キーンはガードミニオンを消し、警備員の二人と倒れた男たちに近づいていった。
最初の男は仰向けに倒れて口元から泡を吹いており、死んではいないようだ。もう一人の方はうつぶせになって倒れており、顔が見えない。警備員の一人がその男をひっくり返したところ、同じように口元から泡を吹きだして白目をむいていた。
二人の警備員は、気絶している二人を捕縛用の縄で縛り上げたうえ、近衛の兵士が常駐している街の詰所に応援を求めて若い方の警備員が駆けて行った。
15分ほど待っていたら、先ほど走っていった警備員を先頭に10名ほどの兵士が駆けてきた。
そのころには、気絶していた二人も目覚めていたので、兵士たちに引っ立てられて連れていかれた。その際凶器のナイフも兵士の手によって回収されている。状況を説明してほしいので、詰所まで一緒にくるよう言われたキーンは兵士たちについていった。
襲撃犯たちを連れた兵士たちは王都の各所に設けられている近衛の詰所の一つに入っていったので、キーンもその中に入っていった。キーンは別室に通され、今の時間の責任者に状況などを聞かれたので答えていった。
名前を聞かれたキーンは、名まえと身分を答えておいた。その際大げさになりそうなので男爵であるとは言わなかった。
「名前は、キーン・アービス。軍学校3号生徒」
「キーン・アービス? あっ! キーン・アービス男爵殿でしたか。いやー、お若いのにご苦労さまです」
キーンのことを知っていたらしい責任者がキーンの名前を聞いて急に丁寧な対応になった。キーンは先日男爵になったばかりだが、100年ほど新たには現れなかった永代貴族でもあり、王都内では有名人なのかもしれない。

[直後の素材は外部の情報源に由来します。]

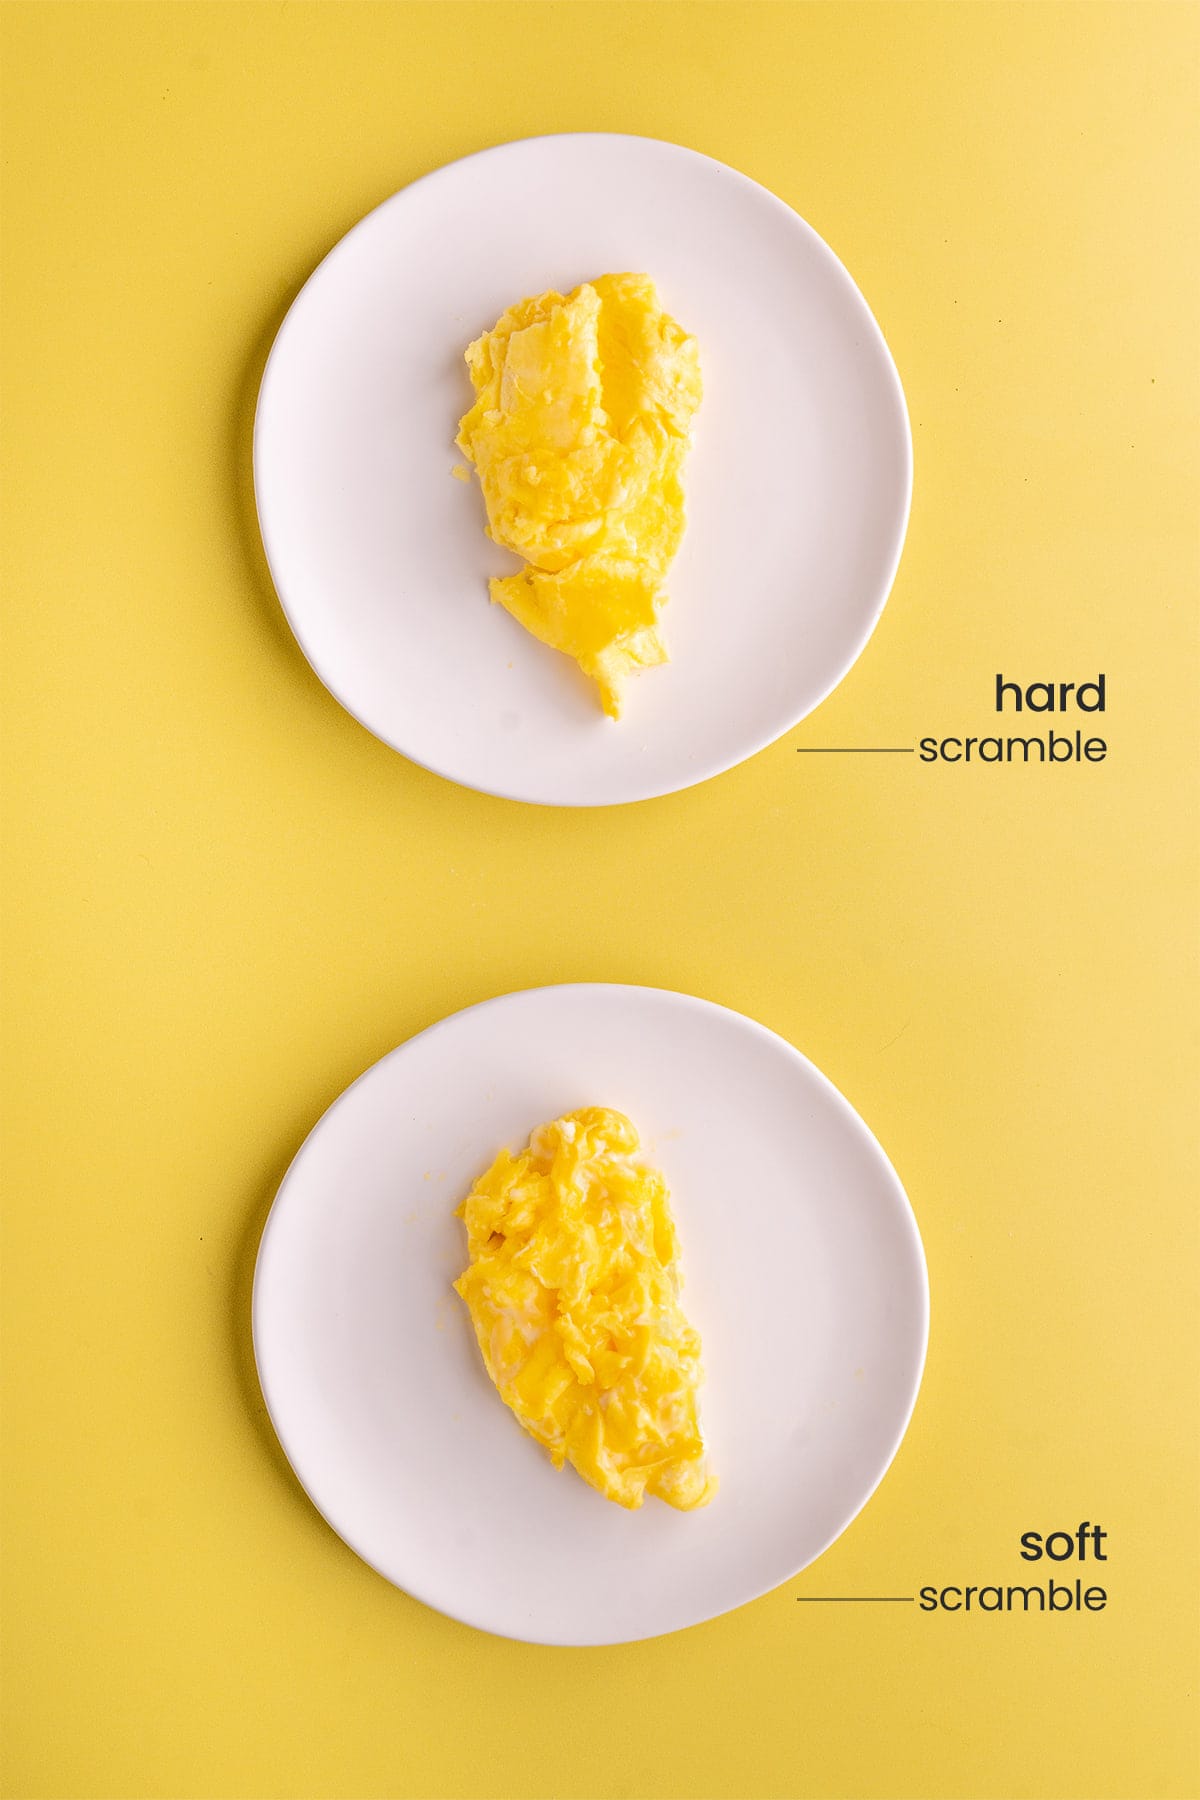 Hard scrambled eggs vs soft scrambled eggs

「襲撃者に襲われたところを返り討ちにした。人を呼ぶため見張りとして作ったガードミニオンなる魔術生物?がアービス殿が不在時に襲撃者の仲間と思しき男を倒した。分かりました。あとは二人を尋問して裏をとっていきますから、アービス殿はこのままお帰り下さい。襲撃者について何か分かりましたら近衛から連絡いたします」
「それなら、アイヴィーという者がおりますから、僕の自宅の方に知らせてください」
「はっ! アイヴィー殿ですね。一度お会いしたかったので、わたくしの方からいずれお伺いします。ご住所の方はこちらで調べますので結構です」
簡単に詰所から解放された。
キーン自身はこれまで何者かに襲われることなど考えていなかったのだが、それなりに有名になっているし、ダレンなどから見れば目の仇のようなものなので、今後もこういったことが起こりえると気を引き締めた。一度は強化を解いていたキーンだが、襲撃があれだけで終わったと考える理由もないので、日も落ちて暗くなりかなり目立つが、強化10倍をかけて自宅に戻っていった。